EXERCISE DETAILS -
Repeat every record below exactly, omitting any pictures.

Items listed in a dataset:
..........

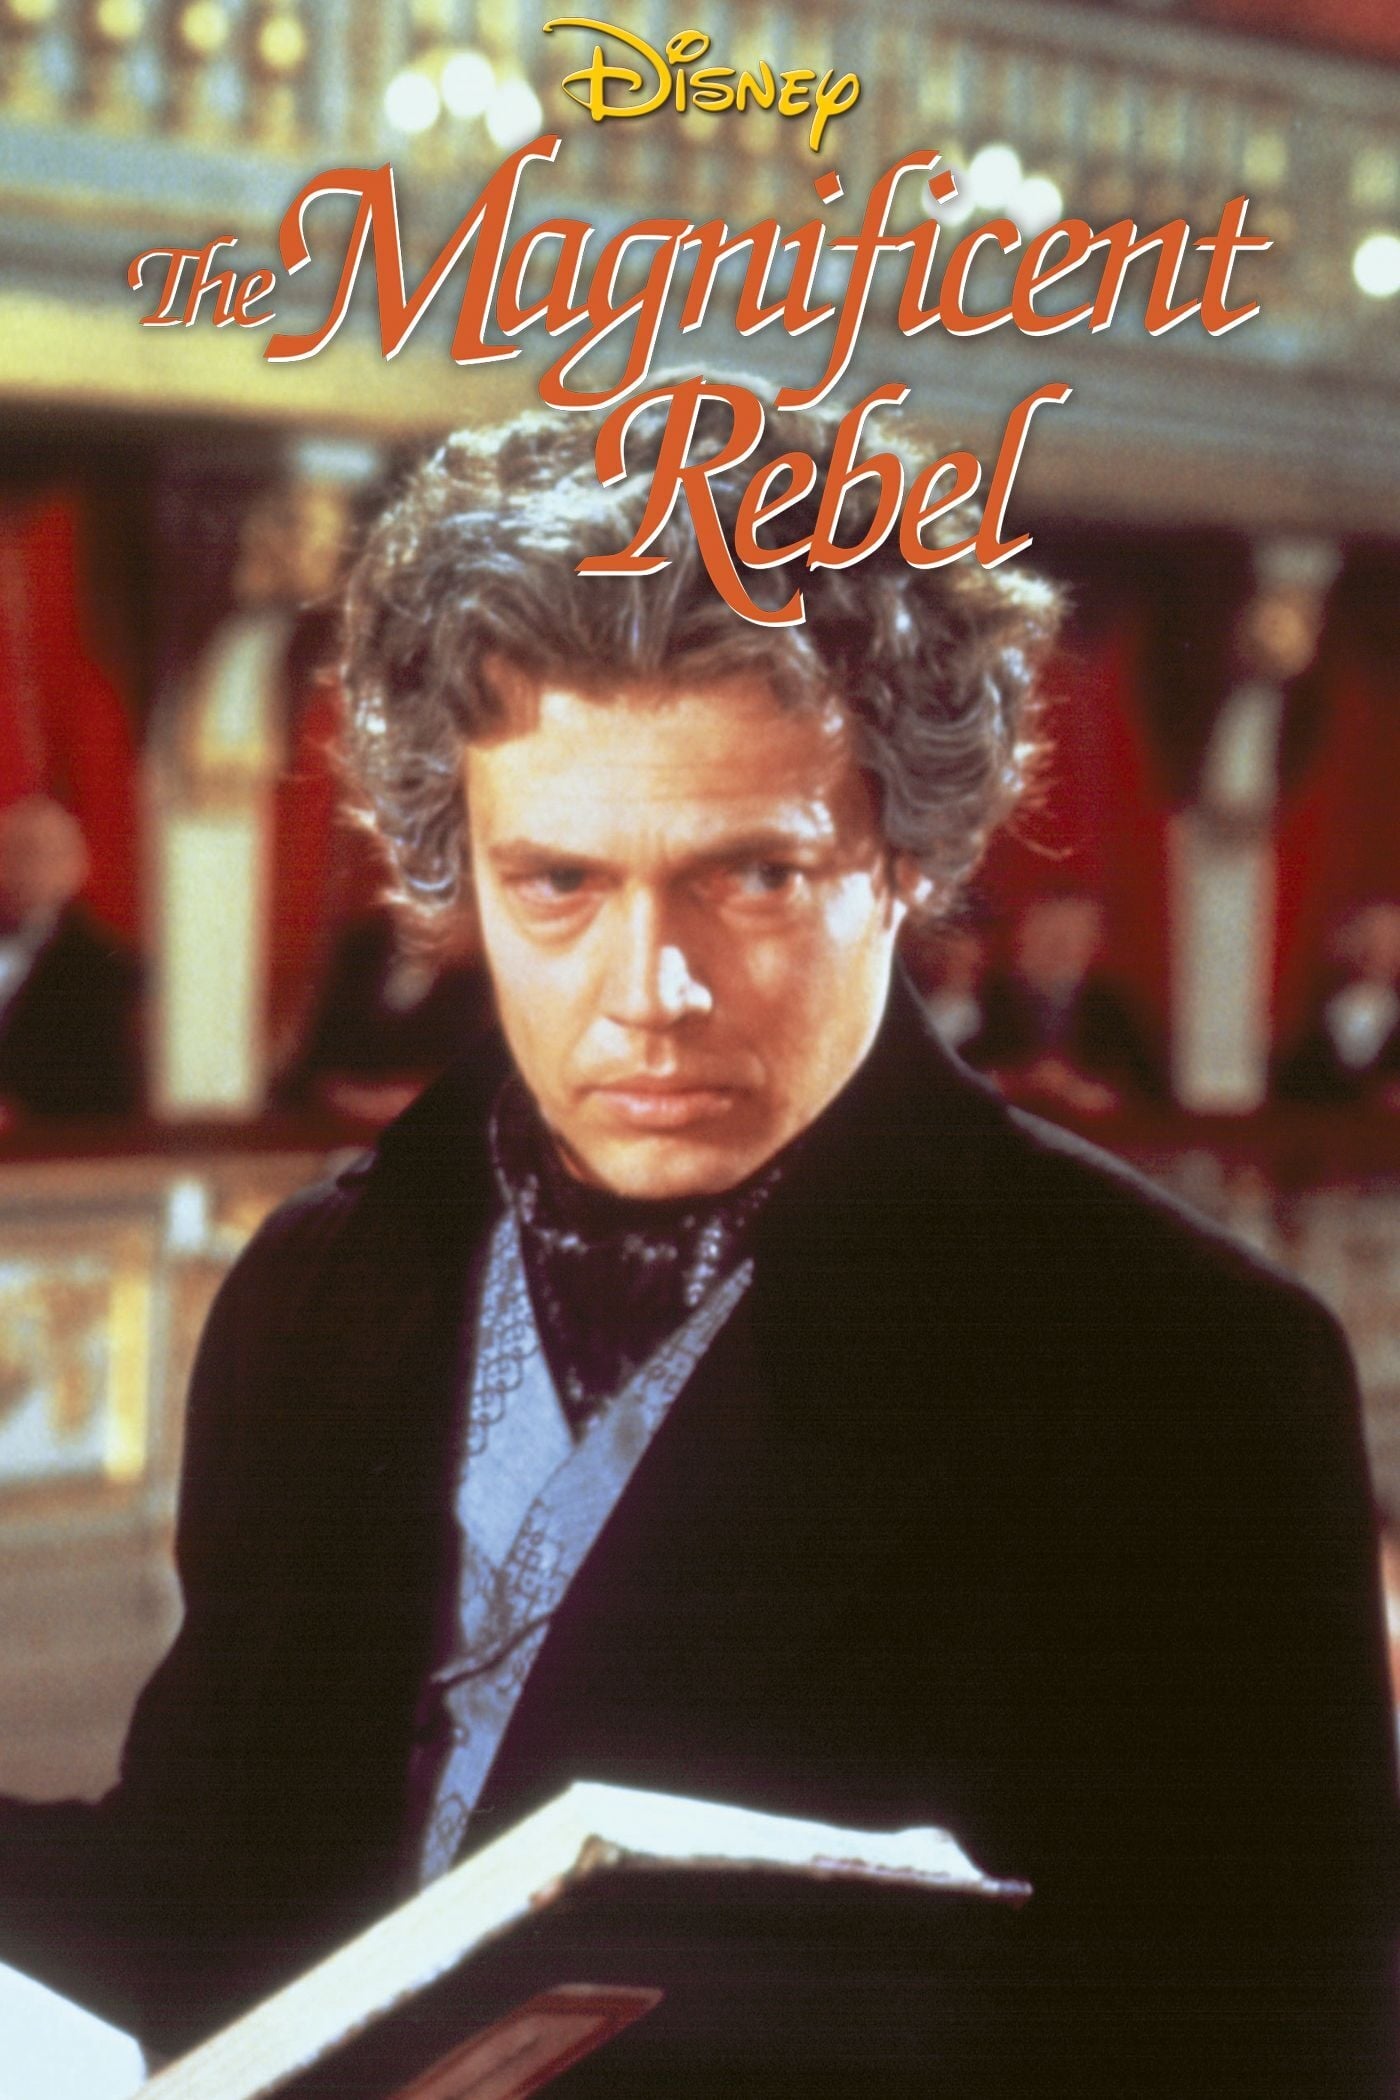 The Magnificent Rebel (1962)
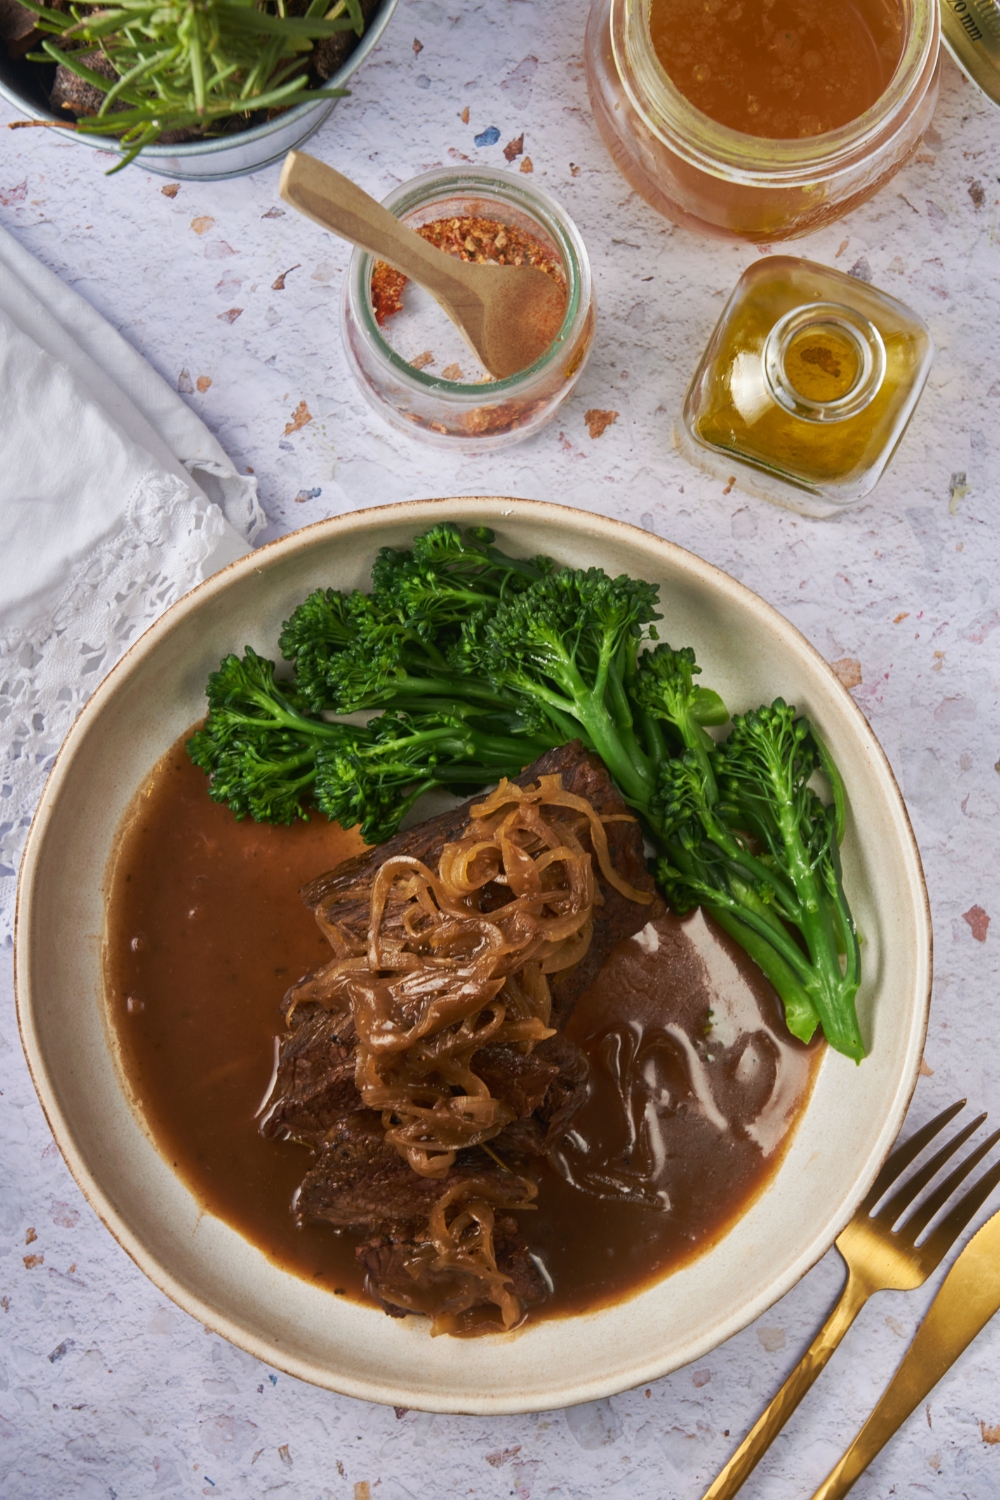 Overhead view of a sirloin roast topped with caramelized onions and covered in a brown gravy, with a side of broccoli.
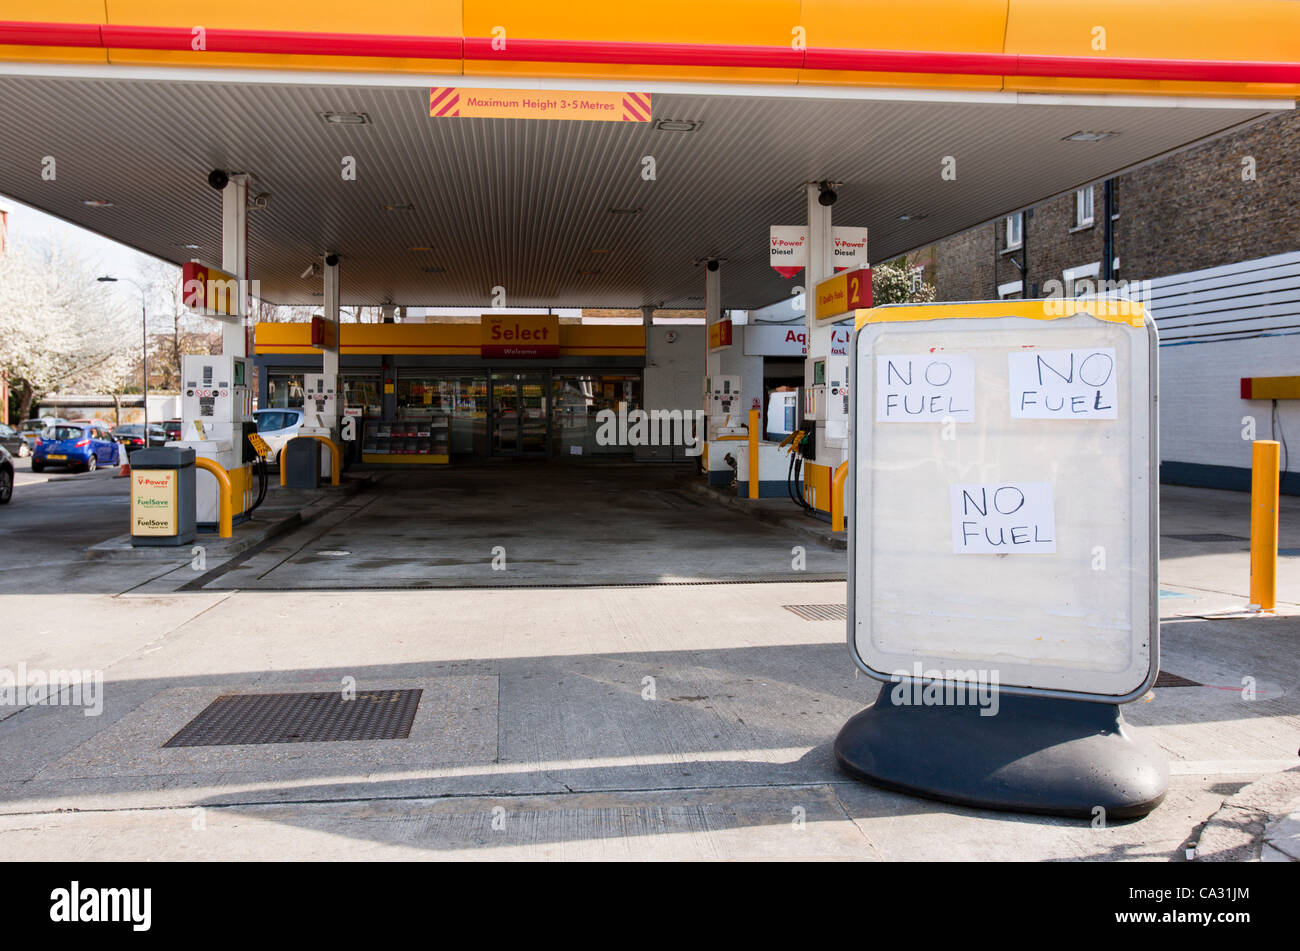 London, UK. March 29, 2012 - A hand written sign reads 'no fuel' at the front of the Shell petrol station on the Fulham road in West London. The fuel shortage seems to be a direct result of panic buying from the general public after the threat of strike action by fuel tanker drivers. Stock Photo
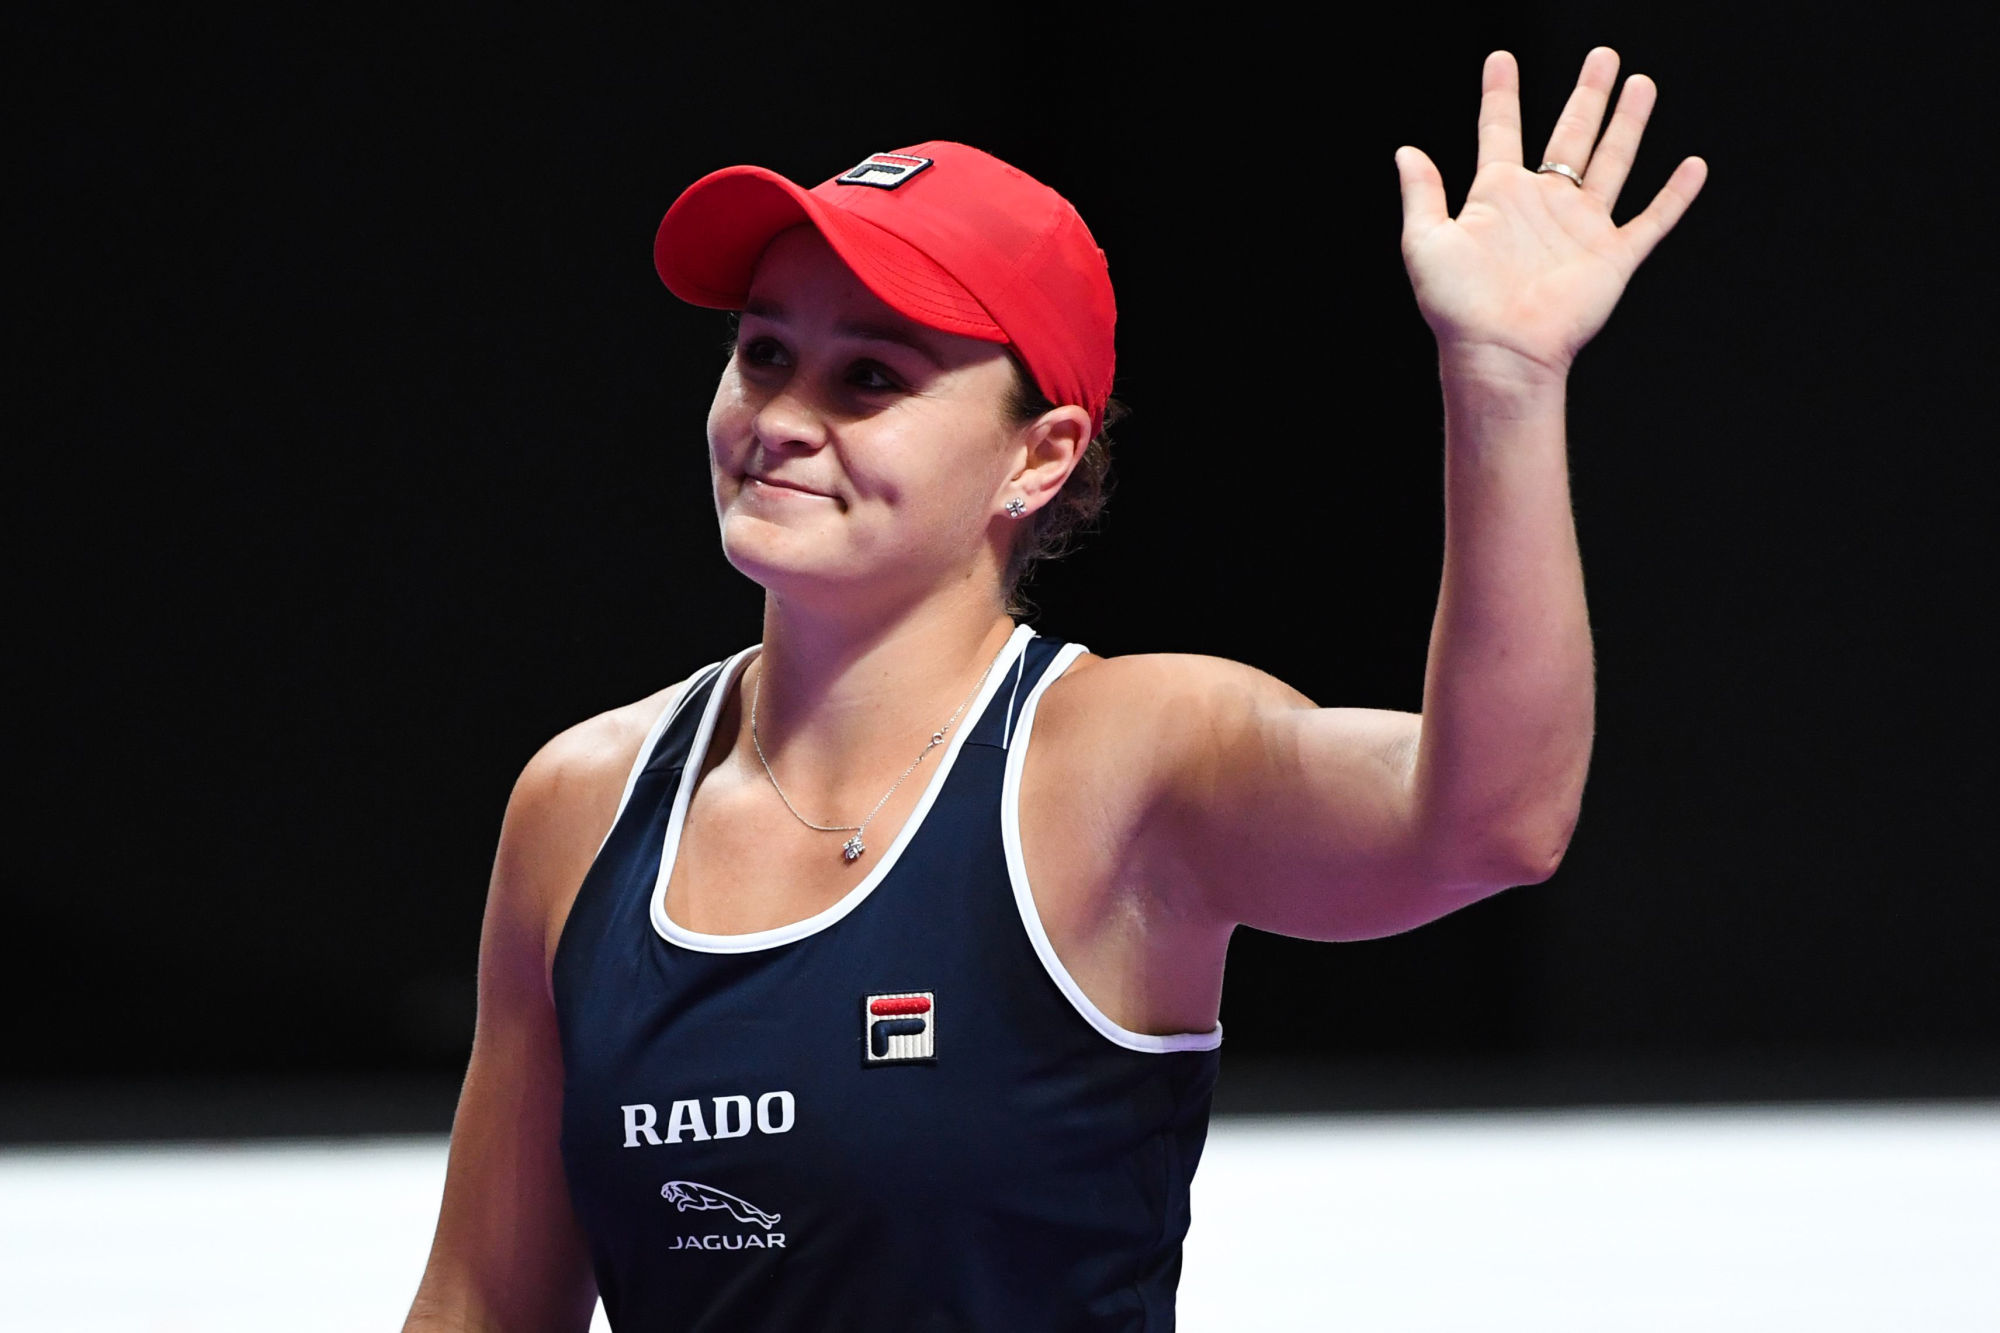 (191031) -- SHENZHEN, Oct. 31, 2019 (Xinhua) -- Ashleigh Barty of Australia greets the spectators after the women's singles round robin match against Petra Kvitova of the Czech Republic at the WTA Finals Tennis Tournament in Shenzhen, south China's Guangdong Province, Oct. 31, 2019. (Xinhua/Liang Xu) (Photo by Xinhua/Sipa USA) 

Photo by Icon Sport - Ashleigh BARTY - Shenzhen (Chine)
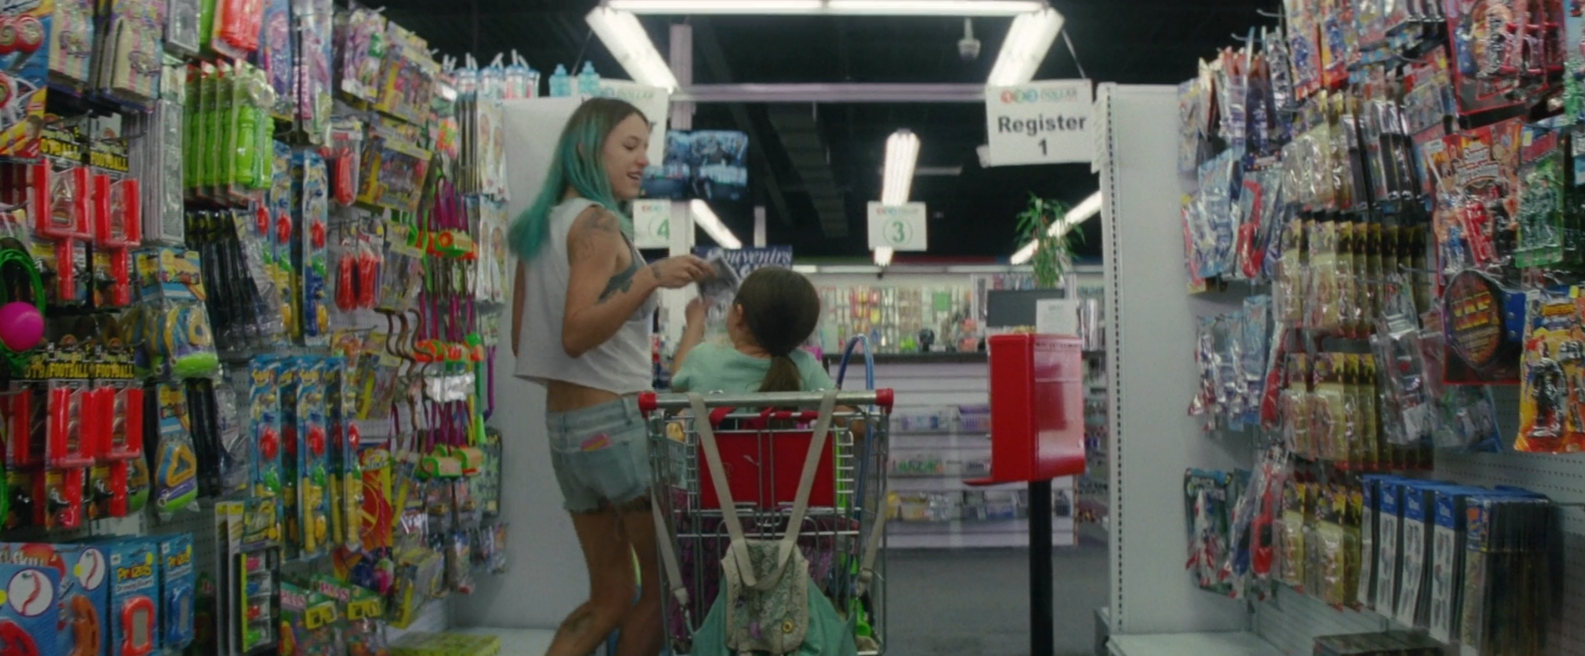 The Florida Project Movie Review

..........

TASK RESPONSE -
 The Magnificent Rebel (1962)
 Overhead view of a sirloin roast topped with caramelized onions and covered in a brown gravy, with a side of broccoli.
 London, UK. March 29, 2012 - A hand written sign reads 'no fuel' at the front of the Shell petrol station on the Fulham road in West London. The fuel shortage seems to be a direct result of panic buying from the general public after the threat of strike action by fuel tanker drivers. Stock Photo
 (191031) -- SHENZHEN, Oct. 31, 2019 (Xinhua) -- Ashleigh Barty of Australia greets the spectators after the women's singles round robin match against Petra Kvitova of the Czech Republic at the WTA Finals Tennis Tournament in Shenzhen, south China's Guangdong Province, Oct. 31, 2019. (Xinhua/Liang Xu) (Photo by Xinhua/Sipa USA) 

Photo by Icon Sport - Ashleigh BARTY - Shenzhen (Chine)
 The Florida Project Movie Review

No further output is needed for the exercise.